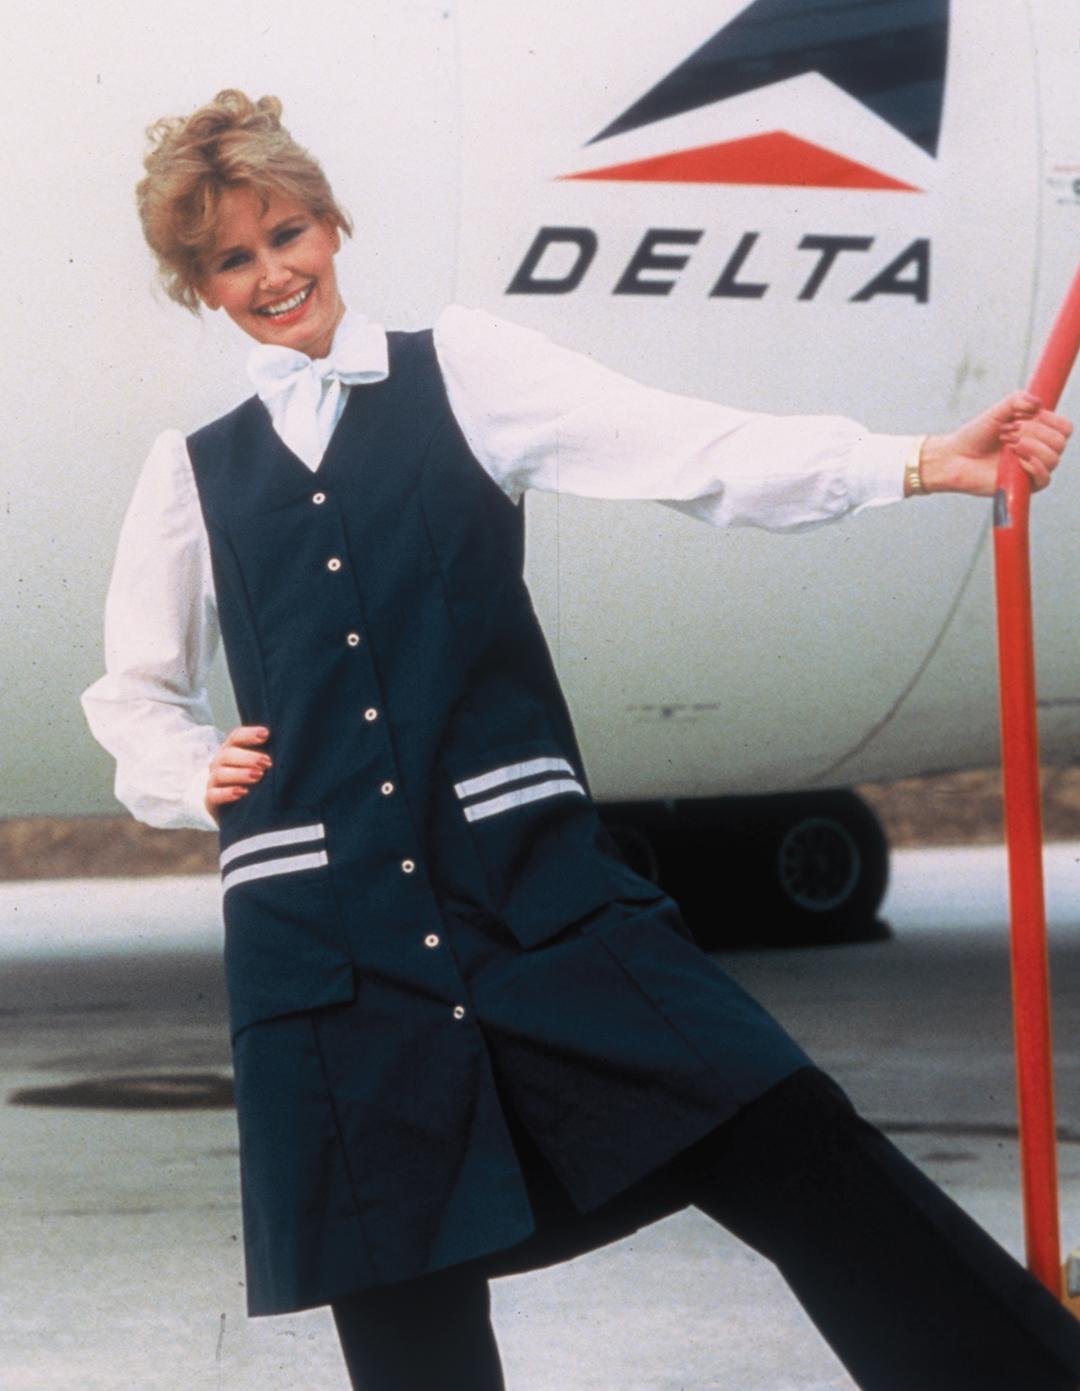 Delta Uniforms
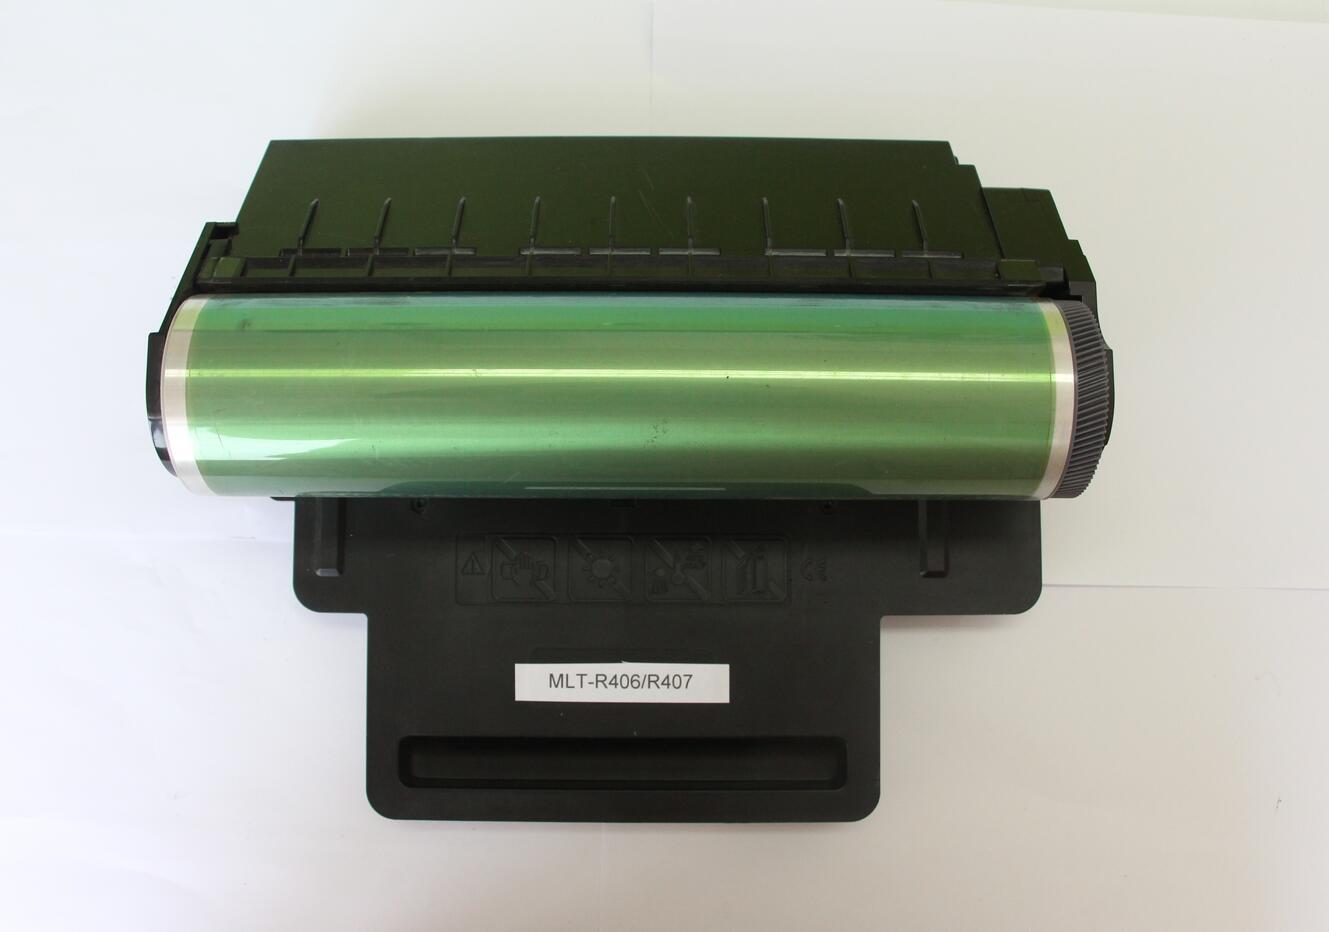 CLT-R406 Toner Cartridge Drum Imaging Unit for Samsung CLP-365W, CLX-3305FW
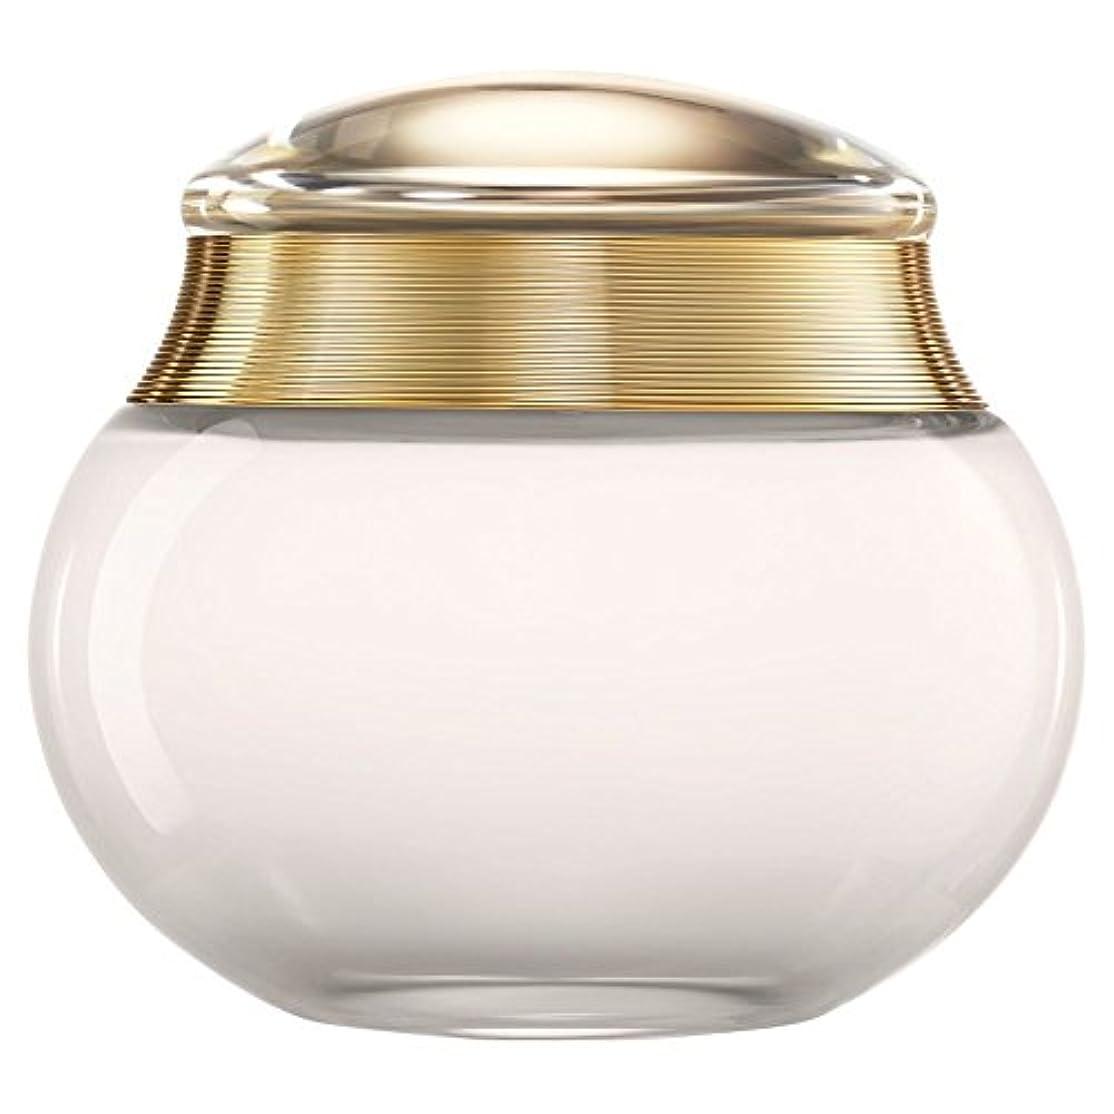 マインドフルジム刺激する[Dior] ディオールジャドールボディクリーム200ミリリットル - Dior J'Adore Body Cream 200ml [並行輸入品]
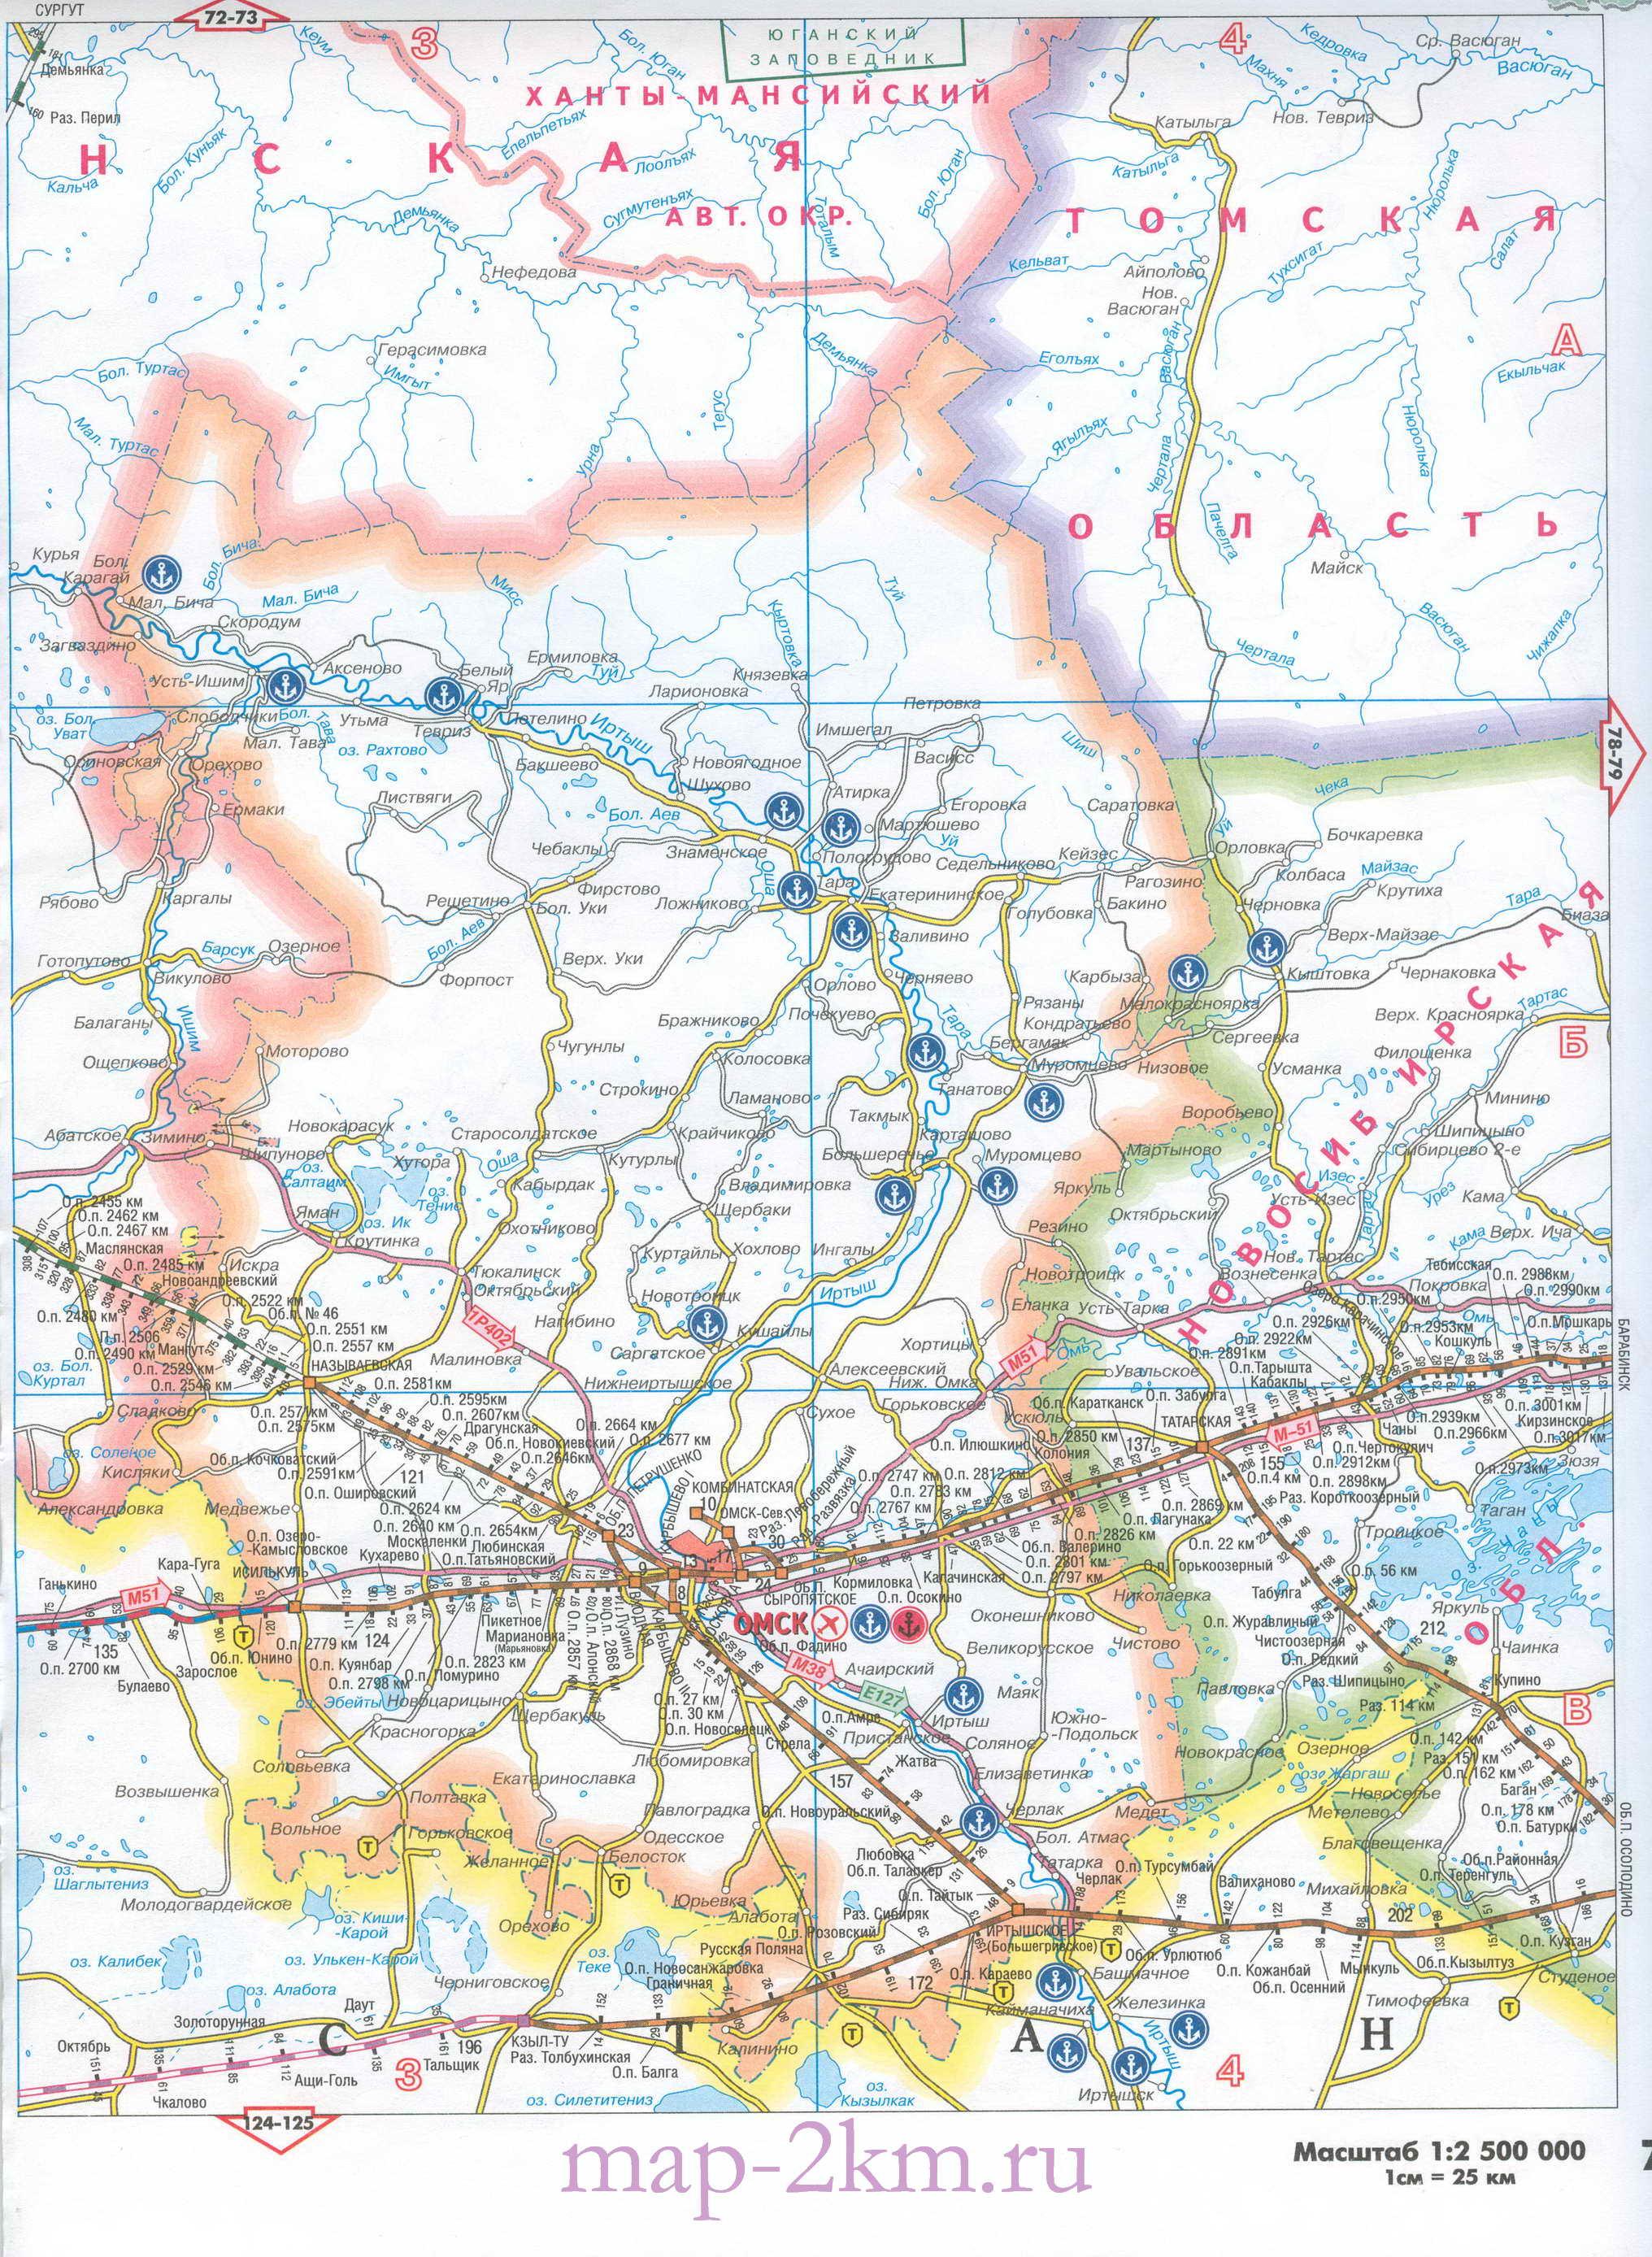 Скачать карту схему метро москвы - b0b3c

_What this task involves_
Print out all the material above exactly as it appears, omitting the images.

_Completed exercise_
 Delta Uniforms
 CLT-R406 Toner Cartridge Drum Imaging Unit for Samsung CLP-365W, CLX-3305FW
 マインドフルジム刺激する[Dior] ディオールジャドールボディクリーム200ミリリットル - Dior J'Adore Body Cream 200ml [並行輸入品]
 Скачать карту схему метро москвы - b0b3c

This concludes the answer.